Another project started on the initiative of employees who lacked feedback from colleagues and managers. “Now we are trying to implement a rating system for each employee - we made a questionnaire and sent it to the guys who worked with him. Those give marks, some questions are answered in full. When the data is collected, we assign an employee to phoned, where we analyze the answers and form recommendations. In six months, we will conduct another iteration of the survey and look at which recommendations worked, which has improved. And if not, understand why. "

But talk and truth alone do not always help - sometimes action is needed. “You can't do anything on one conversation. If a person cannot work anymore, then no matter how much you communicate with him or motivate him, the effect will be short-term. Tomorrow he will wake up, and the pain will be the same. "

Permanent change of projects and roles


“We love employees, and we rarely have cases when we decide to disperse. We prefer to guide the guys. Therefore, we move employees from project to project. It works better. ”

“With burnout, I have my own story. Last summer, we had a tense situation in terms of development, ”says Igor,“ I was then responsible for almost the entire frontend on the project. It was hard to be on your toes all day for several weeks.

After that, I switched to another project, and yes, it helped. Change of activity is the best rest. Changing the domain, pace, environment - all this helps to unload the head.

But elementary communication with colleagues helps. I concluded for myself that it is easier for me to work when I have friendly relations with my colleagues. When I can informally chat with the manager and I know that he is not taller than me in the hierarchy, but the same team member as everyone else. In this regard, I like how everything is arranged here, that no one stands above anyone.

We are sort of broken up by teams, but Slak is still all together. "

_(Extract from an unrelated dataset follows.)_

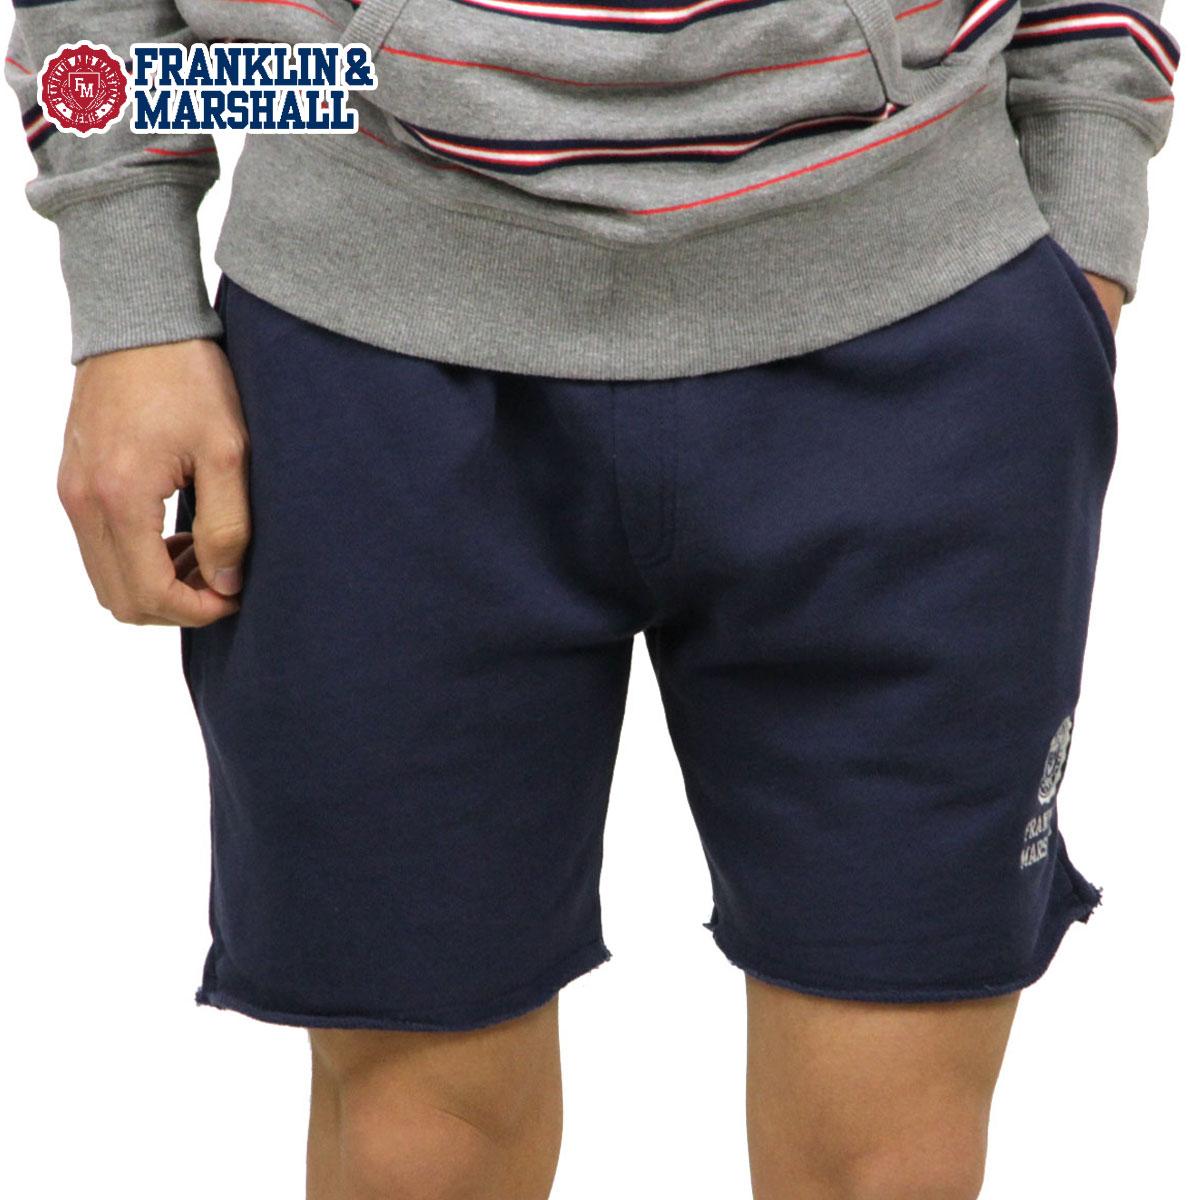 フランクリン マーシャル ショートパンツ メンズ 正規販売店 FRANKLIN&MARSHALL ハーフパンツ ボトムス FLEECE PANTS NAVY SFMF227AN 0167

How do employees stick together


Devhab has a tradition of visiting cities where at least one employee lives. Since the team is highly distributed, the meetings are held according to the following principle - they choose a city where a company employee lives, gather there and spend several weekdays and days off in order to work together and see the city.

“During the year we have already visited five cities - Kazan, Kaliningrad, Lisbon, Krasnoyarsk and Rostov-on-Don. Periodically, the guys come to Moscow. There were also small working congresses in Paris and Barcelona.

Of course, not all forty people drive. On average, going to ten or fifteen, but always different. Because more and more people take the initiative and connect to us. ”

“The last mitap was not only ours. In Rostov coworking, we conducted a distant work mitap together with another company, ”says Elina, Devkhab’s marketing manager,“ I think we will continue to do the same — combine team meetings and meetings with the local community to communicate more and develop a culture of remote work.

It rarely happens that unfamiliar teams come together and share experiences and simply invite those who work around. I know that Skyeng has such an initiative in Moscow. But in the regions of this, we have not met. And the peculiarity of distant work is precisely in this - you are not limited to the market of one city. It is very interesting for us to communicate with the community in the regions and say to everyone: “look, you can live in your city, and not only be limited to local companies”.